Differentiation: Vectors or scalars

You seem to be regarding $\mathbb{R}$ as an affine space that includes both points and vectors. With this view of the world, points and vectors are two different things, and it doesn't make sense to add together two points, as you say.

The Wikipedia article on affine spaces says:
In an affine space, there is no distinguished point that serves as an origin. Hence, no vector has a fixed origin and no vector can be uniquely associated to a point. In an affine space, there are instead displacement vectors, also called translation vectors or simply translations, between two points of the space. Thus it makes sense to subtract two points of the space, giving a translation vector, but it does not make sense to add two points of the space. Likewise, it makes sense to add a vector to a point of an affine space, resulting in a new point translated from the starting point by that vector.

In your definition of the derivative, I think $x$ should be regarded as a point, and $h$ as a vector. The function $x \mapsto y(x)$ should be regarded as mapping points to points.

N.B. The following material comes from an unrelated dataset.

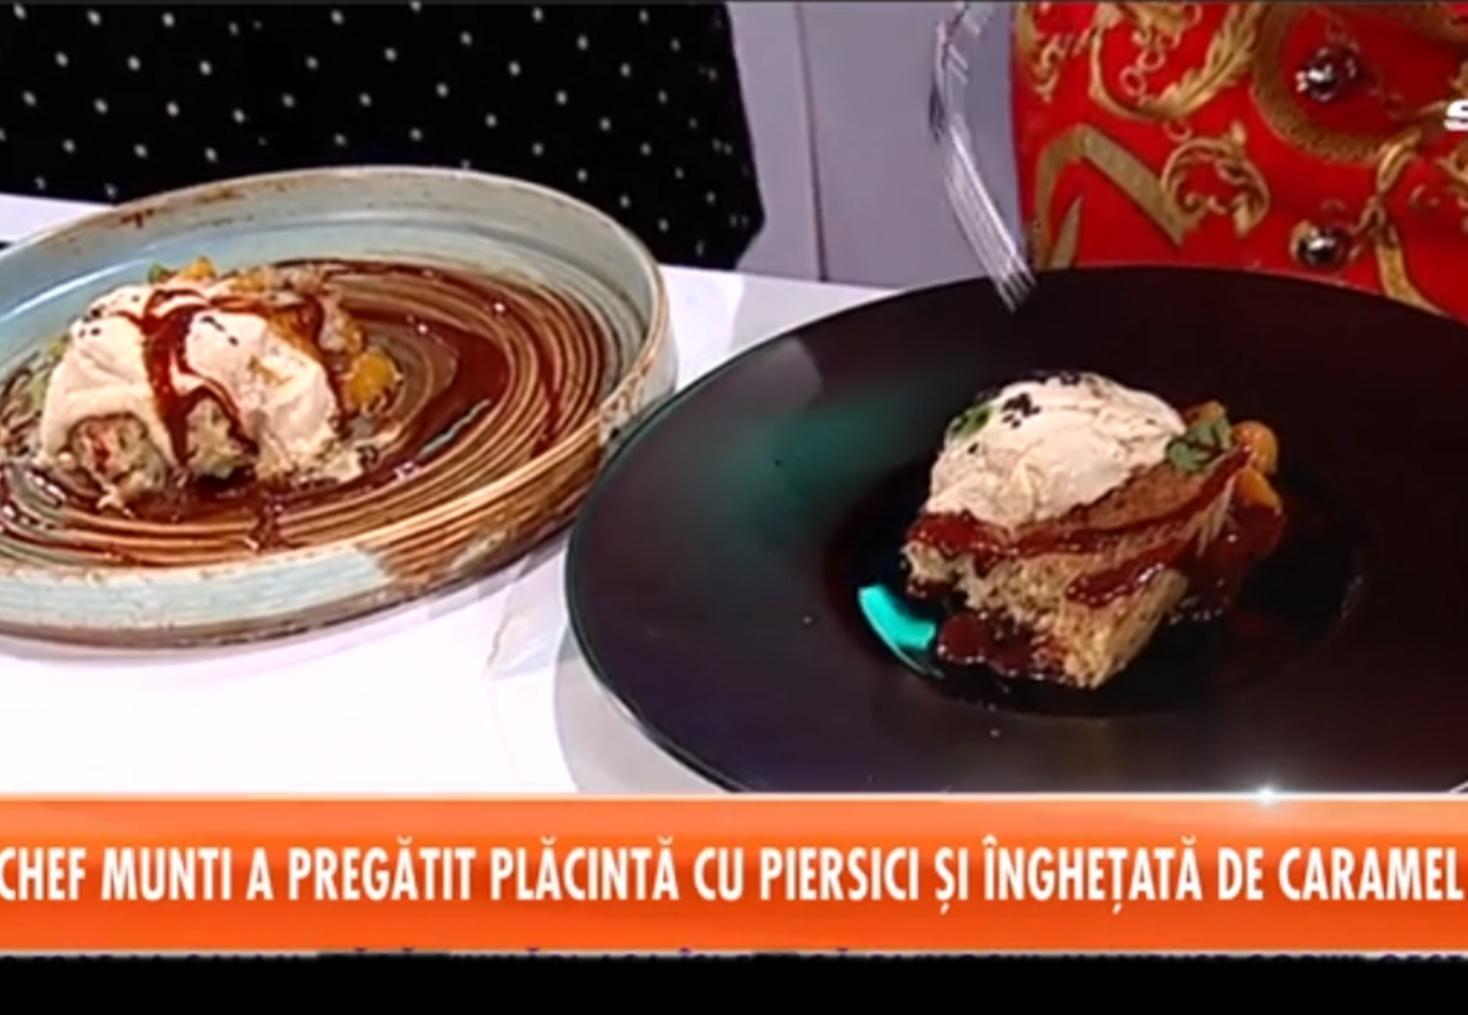 Cum poți prepara cea mai delicioasă rețetă de plăcintă cu piersici din compot, servită cu îngheţată de caramel sărat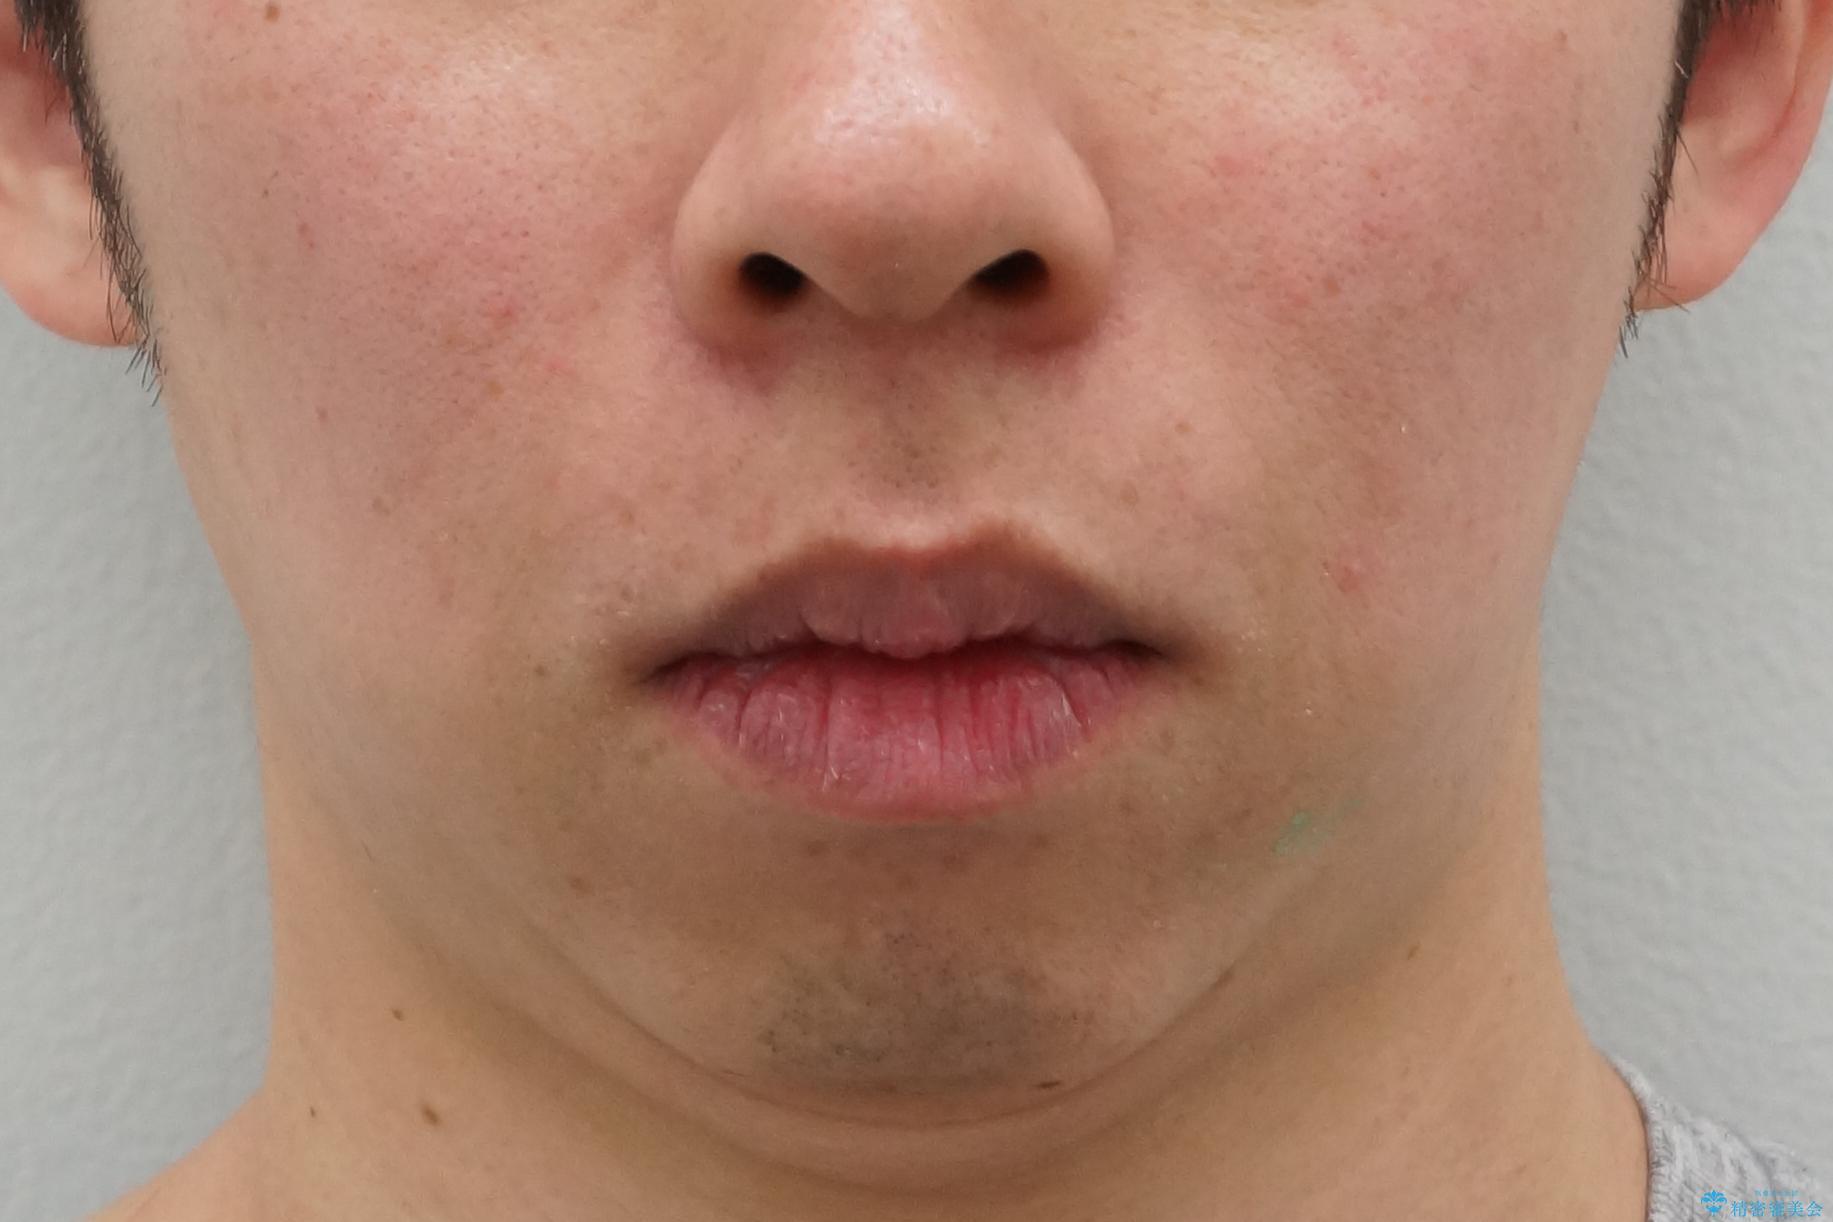 出っ歯 すれ違い咬合の改善 の治療後(顔貌)

Then

  • $x+ h$ is a point (adding a vector to a point)
  • $y(x+h)$ is a point (a value of the function $y$)
  • $y(x+h) - y(x)$ is a vector (difference of two points)
  • $y'(x)$ is a vector

This point of view makes sense (I think), and it's consistent with the concept of directional derivative in higher dimensions.

As mentioned in one of the comments, there is a very good discussion of the point-versus-vector issue in the answers to this question.


While others have pointed out that an addition of points can be defined (and it is of course defined to be the same as when you interpret them as vectors), I do think that your line is morally right. (BTW: points of more general spaces, topological spaces, can not always be added. So being able to add two entities is indeed something specific, though not unique, to vectors.)

Even when derivatives are generalized to functions between geometric objects, say from a circle to a donut shaped thing, this is done by first approximating the domain and co-domain by vector spaces near the point where the derivative is desired. However, here you already see that the domain and codomain need not really consist of vectors, but it suffices that small changes in the inputs or outputs can be expressed via (tangential) vectors.

In summary, derivatives answer the question: If I change the input a bit in direction X, in which direction do the function values go. And vectors are the mathematical formalization of direction. In your question, the $h$ should arguable be thought as a vector, as well as the value of the derivative. But not necessarily the input $x$ and the output $f(x)$.


In a nitpicking sense, the derivative $$ f'(x) = \lim_{h \to 0} \frac{f(x + h) - f(x)}{h} $$ of a function $f$ is indeed a scaling map that specifies how a (small) displacement (vector) $h$ at a point $x$ gets stretched into a displacement vector $f'(x)\, h$ at $y = f(x)$.

Commonly this relationship is expressed in terms of points as $f(x + h) \approx f(x) + f'(x)\, h$. The derivative itself, $f'(x)$, is neither a point nor a vector.

In more general settings (such as coordinate-free formulations of mechanics), "points" live in a space $M$ (a "manifold"). To formulate differential calculus, one introduces an entirely new space $TM$ (the "tangent bundle"), whose elements may be viewed as pairs $(x, h)$ consisting of a point $x$ of $M$ and a displacement $h$ at $x$.

In this setting, if $f:M \to N$ is a differentiable mapping, its "(total) derivative" is a mapping $f_{*}:TM \to TN$ defined by $$ f_{*}(x, h) = \bigl(f(x), f'(x)\, h\bigr). $$ The derivative $f'(x):T_{x} M \to T_{f(x)} N$ is a "linear transformation" between tangent spaces, a generalization of a scaling map.

The conceptual asymmetry between points and vectors becomes starkly visible in this setting. Adding points makes no sense at all. The sum "$x + h$" of a point and a vector cannot be viewed as a point of $M$. It can be viewed as a point of $TM$, but doing so doesn't have much use. Instead, one "probes the infinitesimal structure of $M$" with "paths through $x$ whose velocity is $h$".